Carros elétricos saem das fábricas, mas baterias vêm de fora

O México é o sexto maior fabricante de automóveis do mundo, uma potência manufatureira que conseguiu se reposicionar rumo ao futuro elétrico com modelos como o Ford Mustang Mach-E. No entanto, embora os veículos sejam montados em solo mexicano, o coração de seus sistemas de propulsão continua sendo importado. Quatro anos após uma reforma emblemática na Lei de Mineração declarar o lítio patrimônio nacional, o sonho de uma cadeia de baterias integralmente "Made in Mexico" permanece distante.

A legislação de 2020 colocou a exploração e a extração de lítio sob controle exclusivo do Estado, uma medida voltada a garantir soberania sobre o recurso. A transição do potencial geológico para a realidade industrial, porém, tem se mostrado lenta. Embora as fábricas mexicanas já sejam capazes de montar pacotes de baterias, as células de lítio de alta tecnologia que os alimentam ainda vêm do exterior. A infraestrutura necessária para conectar a extração mineral bruta à fabricação avançada de células simplesmente não existe.
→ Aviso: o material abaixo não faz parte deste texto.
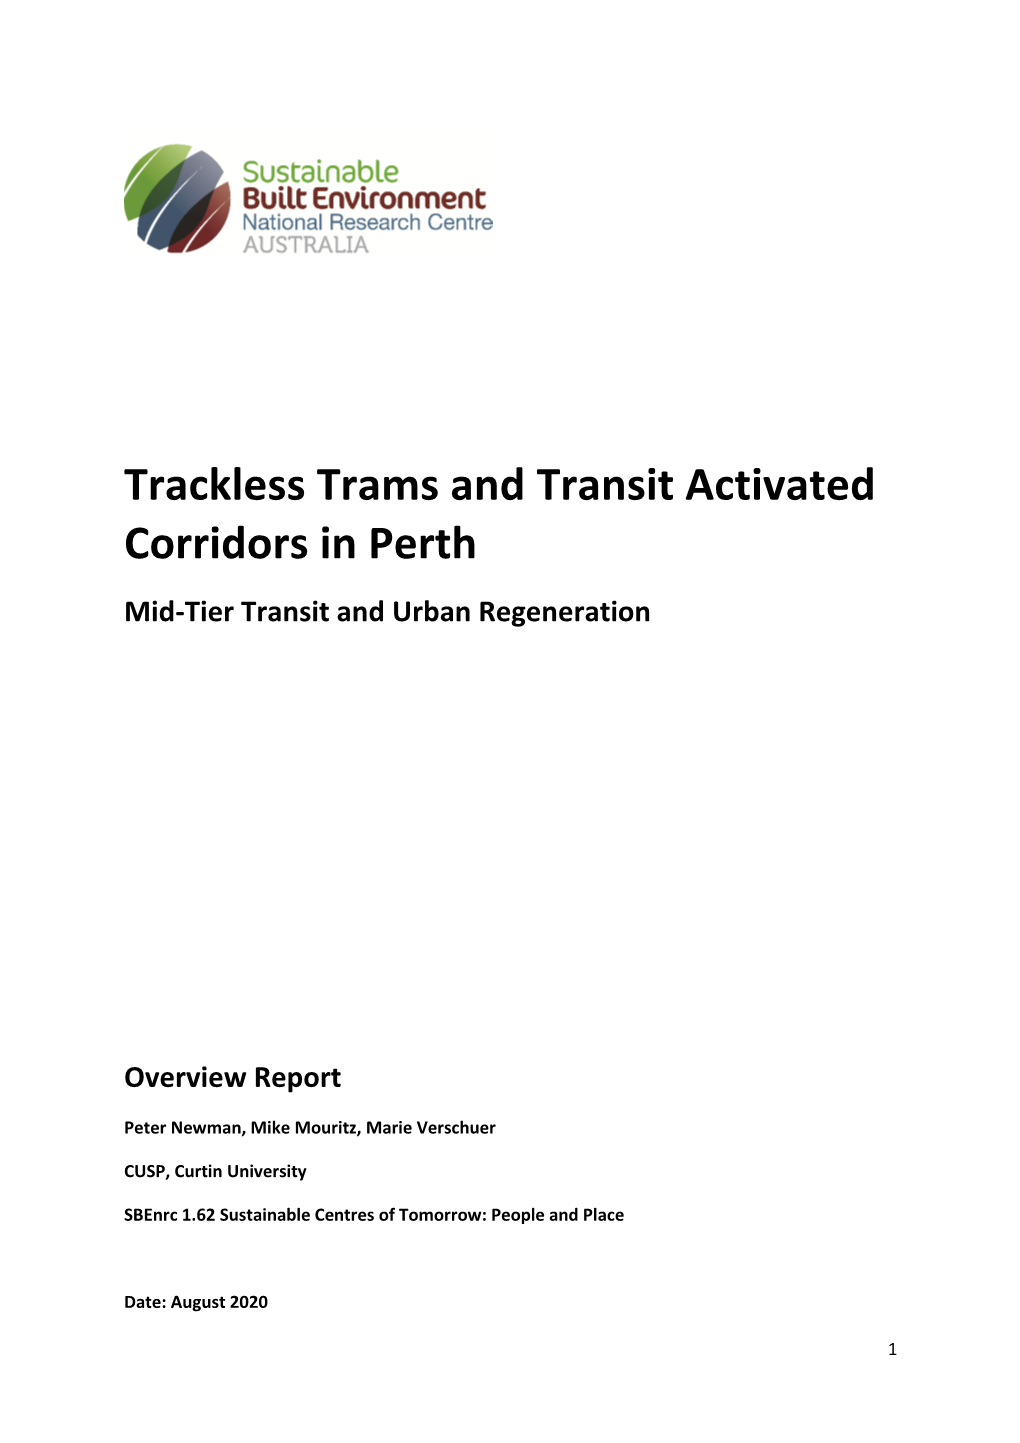 Trackless Trams and Transit Activated Corridors in Perth: Mid-Tier Transit and Urban Regeneration Overview Report

"Difícil saber exatamente quando"

Autoridades do governo seguem cautelosas sobre quando esse ciclo poderá enfim se fechar. Rodolfo Osorio, diretor de eletromobilidade no Ministério da Economia, reconheceu recentemente que é "difícil saber exatamente quando" a produção doméstica de baterias terá início. Universidades técnicas e institutos de pesquisa lideram atualmente os estudos sobre processamento de lítio, mas o salto para a produção em escala comercial continua travado pela complexidade do refino e pela tecnologia especializada exigida na fabricação de células.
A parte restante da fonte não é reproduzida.